Performance evaluation of merged satellite rainfall products based on spatial and seasonal signatures of hydrologic predictability

- This study explored a merging scheme for three widely used satellite rainfall products based on runoff predictability.
- Leveraging the spatial and temporal signatures of runoff predictability helped to achieve more superior prognostic skill.
- A simple moving-window-based and seasonally updated merging scheme may be adequate to obtain accurate merged product.
- In terms of reduction in RMSE, the merged product showed large improvement over original satellite rainfall products.
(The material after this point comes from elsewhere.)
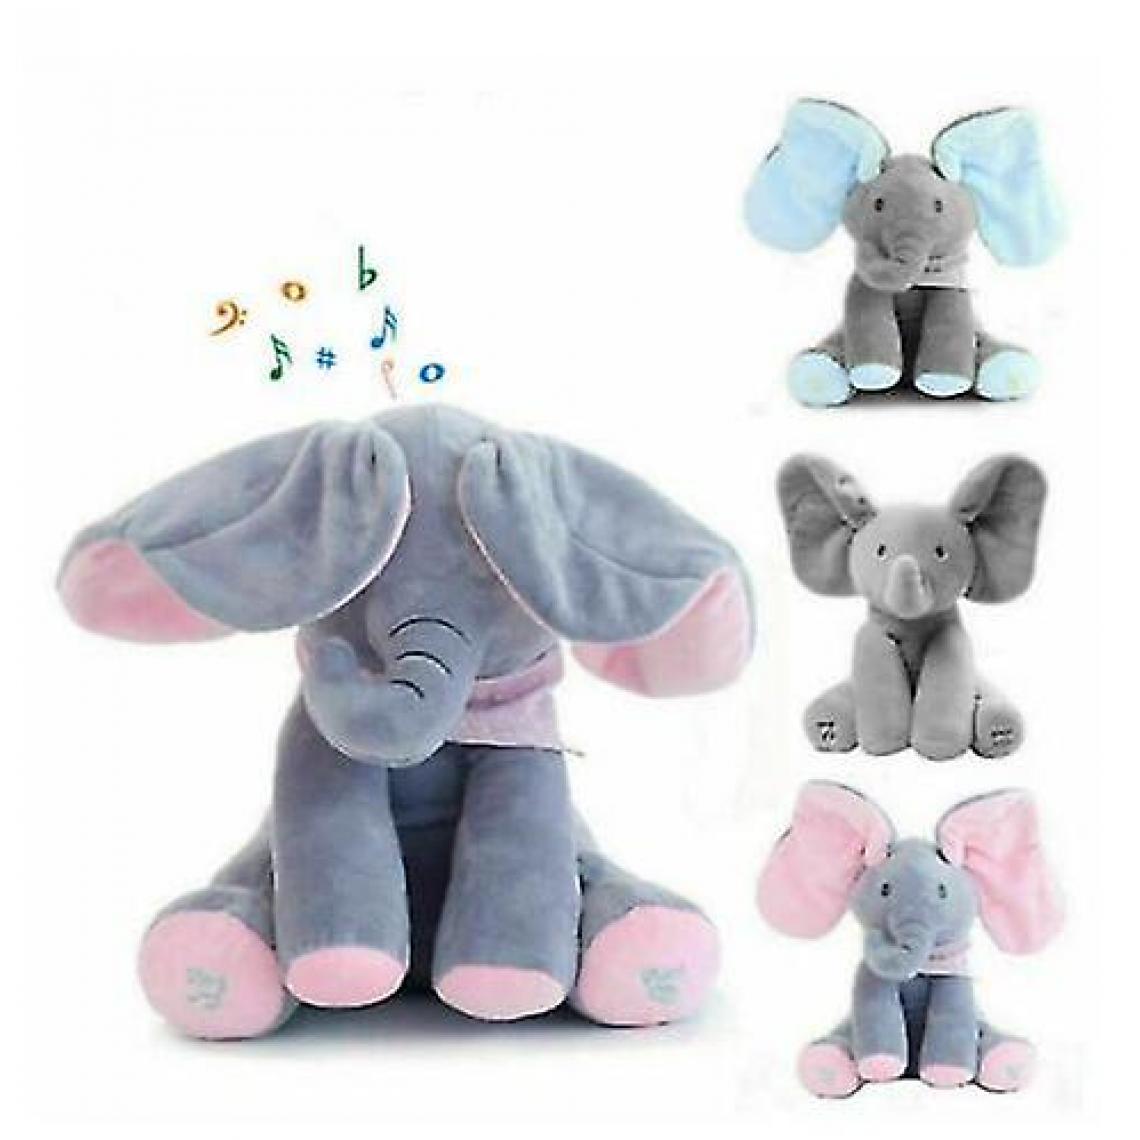 Universal - Music Elephant Plush Toy Stuffed Singing Doll Baby Kids Gift(Gray) - Animaux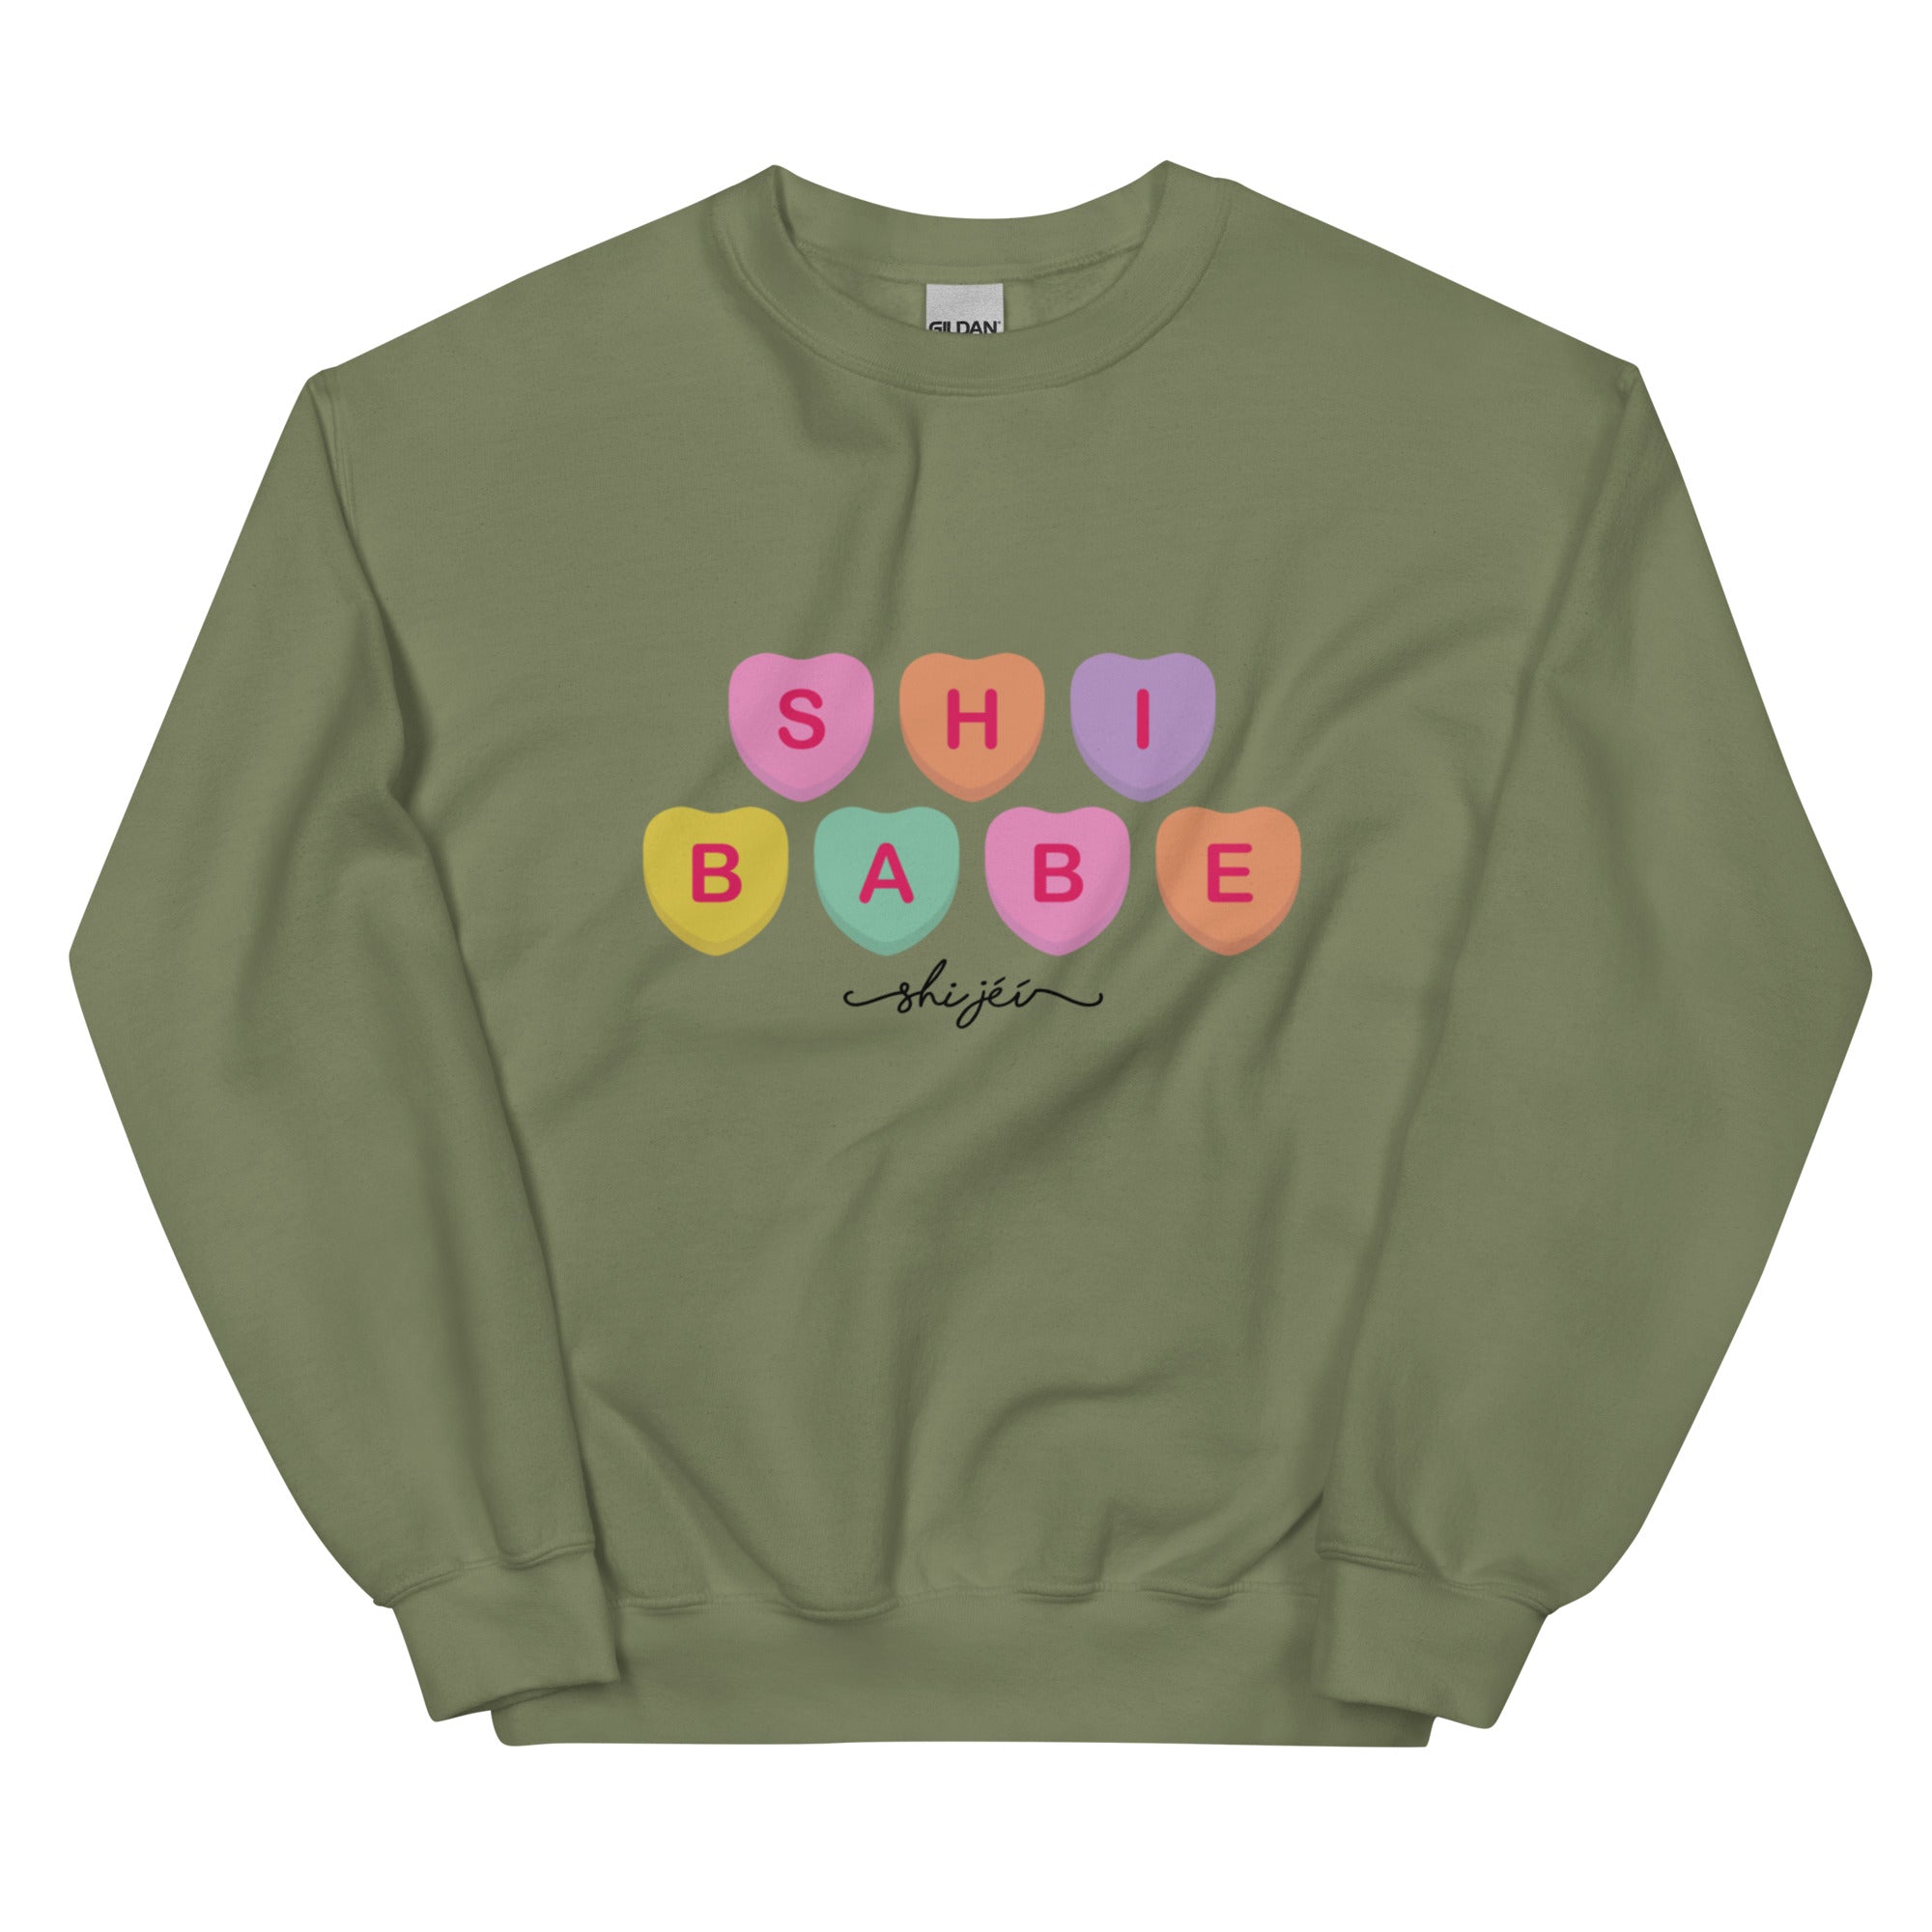 Shi Babe Sweatshirt

Despite the inherent estimation uncertainty, remote sensing based rainfall data have enormous value for stream flow simulation. Recent investigations have shown that the historical performance of satellite products in hydrologic prediction can be a useful (diagnostic) proxy for merging products to a more superior performing state for prognostic simulations (i.e., forward in time). Using a hydrologic model set-up over the entire Mississippi River Basin (MRB) and three widely used satellite rainfall products (3B42RT, CMORPH and PERSIANN-CCS), this study explored a merging scheme based on runoff predictability. The spatial and temporal signatures of variability were closely investigated to understand the impact on prediction skill of the merging scheme. The spatial variability (i.e., non-uniform) considered the grid box by grid box variation at the native resolution of individual satellite products, while the temporal variability (i.e., non-stationary) was confined to variation in 3 month-long seasons (winter, spring, summer and fall). When both the spatial and temporal variability in runoff predictability was leveraged, the merging scheme yielded the largest improvement over individual product's performance forward in time. During an independent validation assessment, the stream flow simulated by the merged product was more strongly correlated with observed discharge (than individual products) at 12 gauging stations. In terms of reduction in root mean squared error (RMSE), the merged product showed an improvement of 57% for 3B42RT, 63% for CMORPH and 68% for PERSIANN-CCS products. The investigation clearly showed that any 'operational' and hydrologic predictability-based merging scheme for unifying available satellite rainfall products must factor in both the spatial and temporal signatures of runoff predictability to achieve consistently more superior prognostic skill.